K-means is an unsupervised clustering algorithm. Given a set of **n** vectors, k-means will group them into **k** groups/clusters while trying to keep the variance(distance) between vectors of the same group small. For our use-case, we will use the tf-idf generated representations as the input vectors. 

In [None]:
from sklearn.cluster import KMeans
import numpy as np

k = 6
kmeans = KMeans(n_clusters=k, random_state=11)
clusters = kmeans.fit_predict(reprs)

print(clusters)

In [None]:
df['cluster_id'] = clusters

df['cluster_id'].value_counts()

### Visualizing the results

In [None]:
average_ratings = df.groupby('cluster_id').mean()

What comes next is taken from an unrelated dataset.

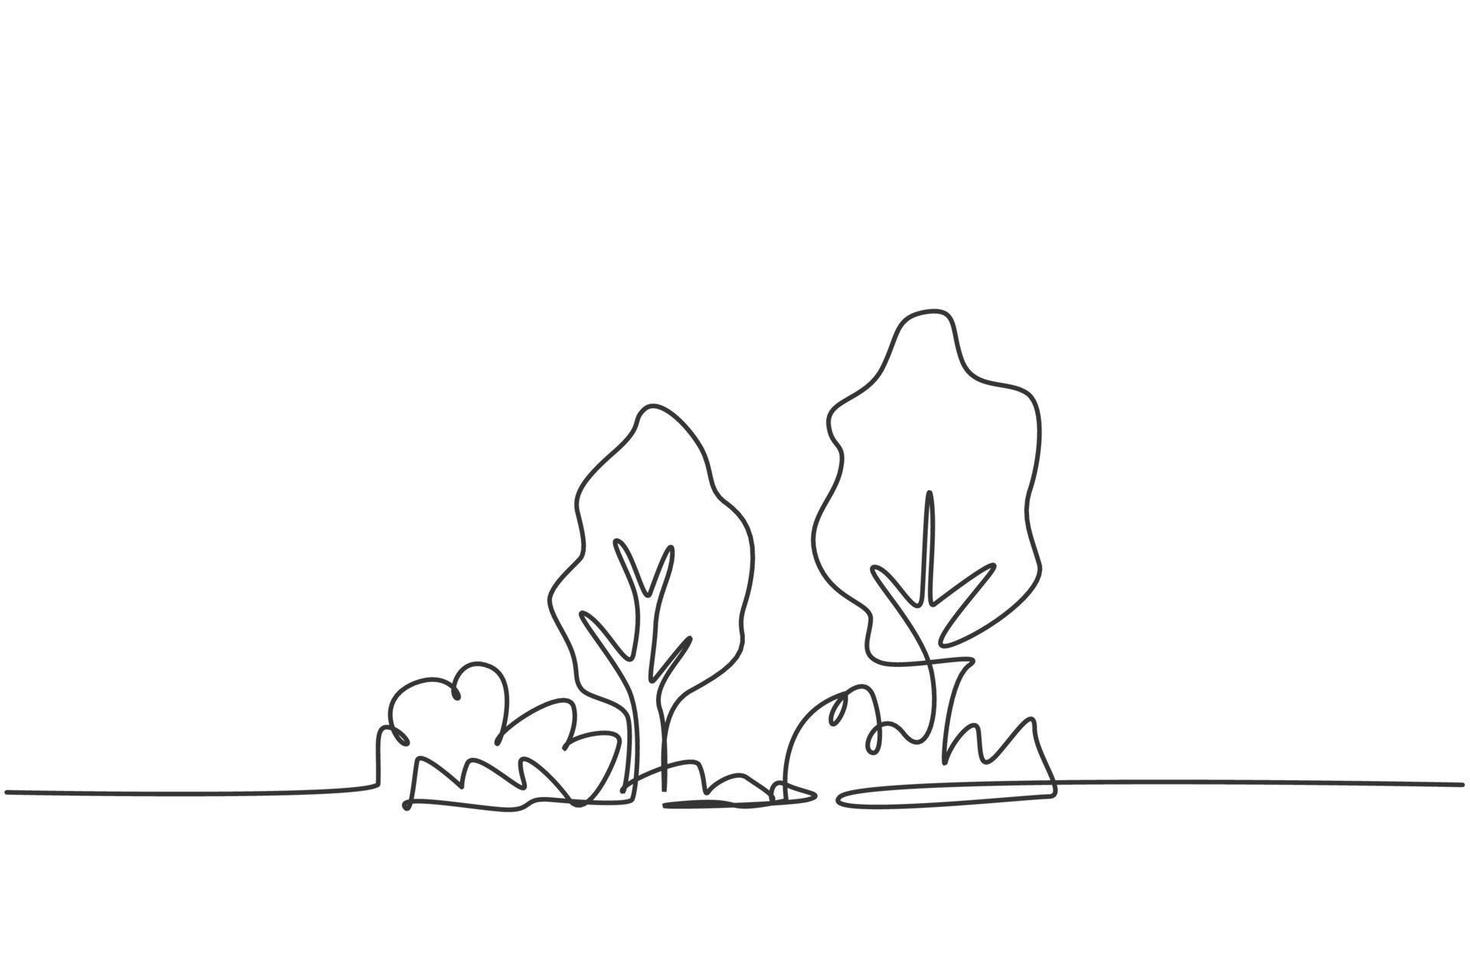 dibujo continuo de una línea de árbol verde ecológico con arbusto para el icono de jardín. logotipo del parque de ecología natural dibujado a mano concepto minimalista. Ilustración gráfica de vector de diseño de dibujo de una sola línea moderna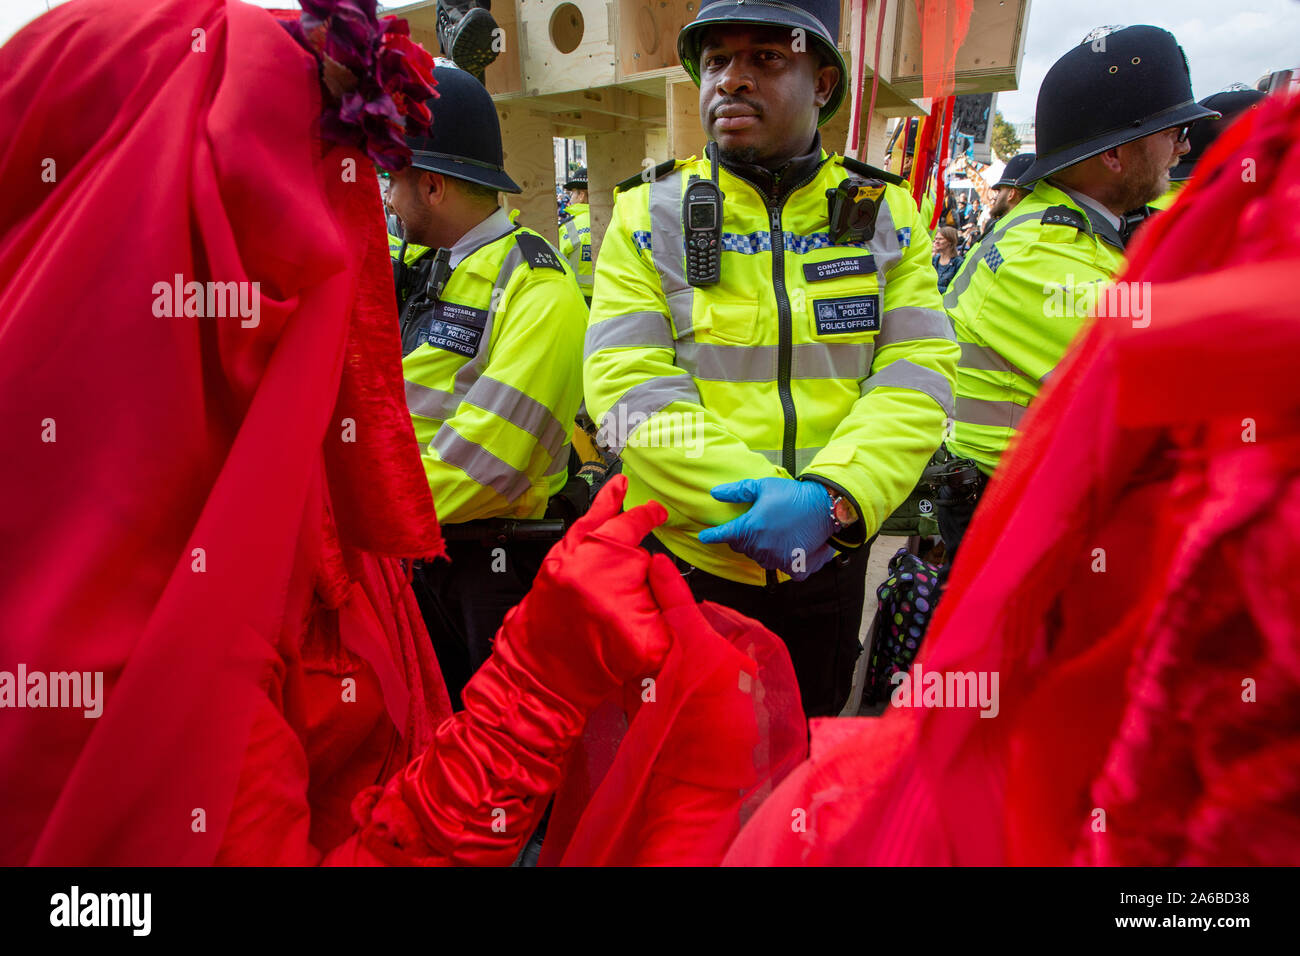 Londra, 10 ottobre 2019, estinzione della ribellione gruppo in costume rosso polizia circondano la preparazione di arresto acivists che hanno bloccato se stessi a una struttura in legno nella strada accanto a Trafalgar Square. Foto Stock

fig = average_ratings.plot.bar(figsize=(10,5))

____
Now we will plot each rating on a 2d scatter-plot. Currently, the length/dimensions of the representation vectors is more than 3000. We will use the PCA dimensionality reduction tool to reduce the number of dimensions to 2. In the [tutorials folder] (https://github.com/InfoTUNI/joda2022/tree/master/tutorials) you may find a more detailed explanation of the PCA technique. 



In [None]:
from sklearn.decomposition import PCA

# Initialize PCA with 2 components, for 2d visualising.
pca = PCA(n_components=2)

In [None]:
# Reduce representation vectors
reducedX = pca.fit_transform(reprs)

In [None]:
fig, ax = plt.subplots(figsize=(20, 10))

# generate k colors
color_map = lambda cid: plt.cm.get_cmap('hsv', k)(cid)

for dp, cid in zip(reducedX, clusters):
    ax.scatter(dp[0], dp[1], s=50, color=color_map(cid))

    
plt.legend(handles=[
                        mpatches.Patch(color=color_map(cid), label='Cluster '+str(cid)) for cid in range(k)
        ])
plt.show()

In [None]:
df[df['cluster_id']==5]

In [None]:
print('Thank you')